The _Odyssey_ emphasis is on the
"generational" 20 year total absence of Odysseus:
-----------------------------------------------
BOOK XIX

"Madam," answered Ulysses, "it is such a long time ago that I can
hardly say. *TWENTY YEARS* are come and gone since he left my home,
and went elsewhither; but I will tell you as well as I can recollect.

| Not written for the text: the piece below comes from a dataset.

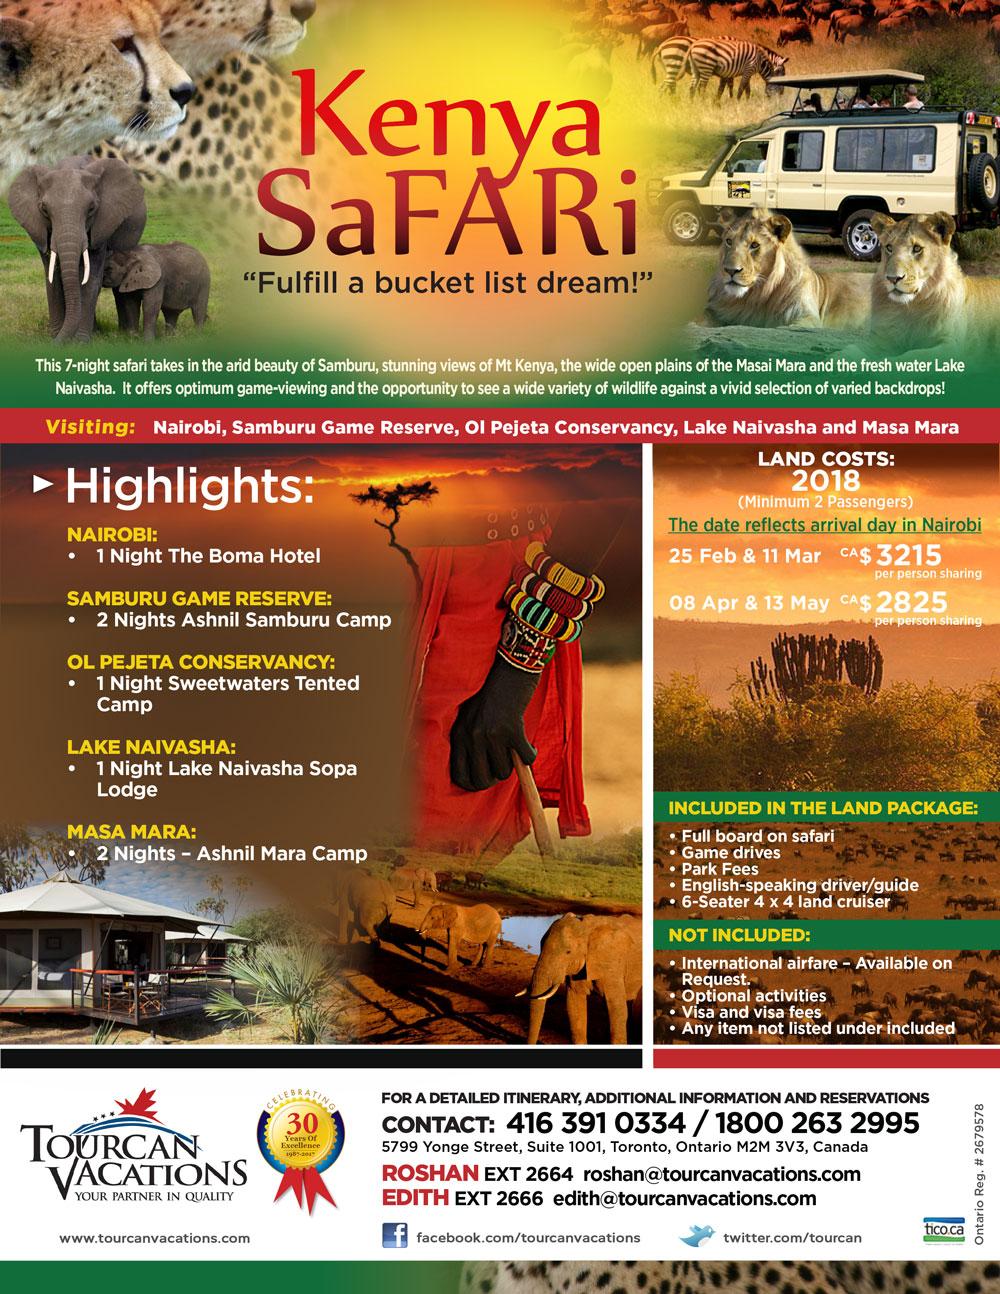 tourcan-2017-promo-africa-kenya-safari-WEB-1

"Nurse, do you wish to be the ruin of me, you who nursed me at your
own breast, now that after *TWENTY YEARS* of wandering I am at last
come to my own home again?
................................
BOOK XXIII

"Mother- but you are so hard that I cannot call you by such a name-
why do you keep away from my father in this way? Why do you not sit
by his side and begin talking to him and asking him questions? No
other woman could bear to keep away from her husband when he had come
back to her after *TWENTY YEARS* of absence, and after having gone
through so much; but your heart always was as hard as a stone."

"My dear," said he,
"heaven has endowed you with a heart more unyielding than woman
ever yet had. No other woman could bear to keep away from her
husband when he had come back to her after *TWENTY YEARS* of absence,
and after having gone through so much. But come, nurse, get a bed
ready for me; I will sleep alone, for this woman has a heart
as hard as iron."
................................
BOOK XXIV

A dark cloud of sorrow fell upon Laertes as he listened. He filled
both hands with the dust from off the ground and poured it over his
grey head, groaning heavily as he did so. The heart of Ulysses was
touched, and his nostrils quivered as he looked upon his father; then
he sprang towards him, flung his arms about him and kissed him, saying,
"I am he, father, about whom you are asking- I have returned after
having been away for *TWENTY YEARS*. But cease your sighing and lamentation-
we have no time to lose, for I should tell you that I have been killing
the suitors in my house, to punish them for their insolence and crimes."
------------------------------------
Now Jupiter/Saturn conjunctions occur only about every 20 years
or so perhaps the Mercurial Odysseus left Ithaca during
a rare Mercury/Jupiter/Saturn triple conjunction:

Code: Select all

November 4, 1198 BC: (Fri -1197 Nov 4 17:57)
http://www.fourmilab.ch/cgi-bin/Solar
.
.              Right                   Distance    From 38°N 90°W:
.            Ascension    Declination      (AU)   Altitude Azimuth
.
MERCURY     12h 44m 11s    -1° 57.8'     0.910    45.832   29.918 Up
Jupiter     12h 42m  2s    -3° 24.0'     6.266    44.301   29.817 Up
Saturn      12h 42m  1s    -2°  4.9'    11.042    45.509   30.562 Up
Note: *MERCURY* Jupiter & Saturn only get this close
. to each other (i.e., within 1.6°)
. only once every 50,000 years or so!! :
-----------------------------------------------
BOOK V

"What, my dear, are you talking about?" replied [Jupiter] , "did you
not send him there yourself, because you thought it would help Ulysses
to get home and punish the suitors? Besides, you are perfectly able
to protect Telemachus, and to see him safely home again, while the
suitors have to come hurry-skurrying back without having killed him."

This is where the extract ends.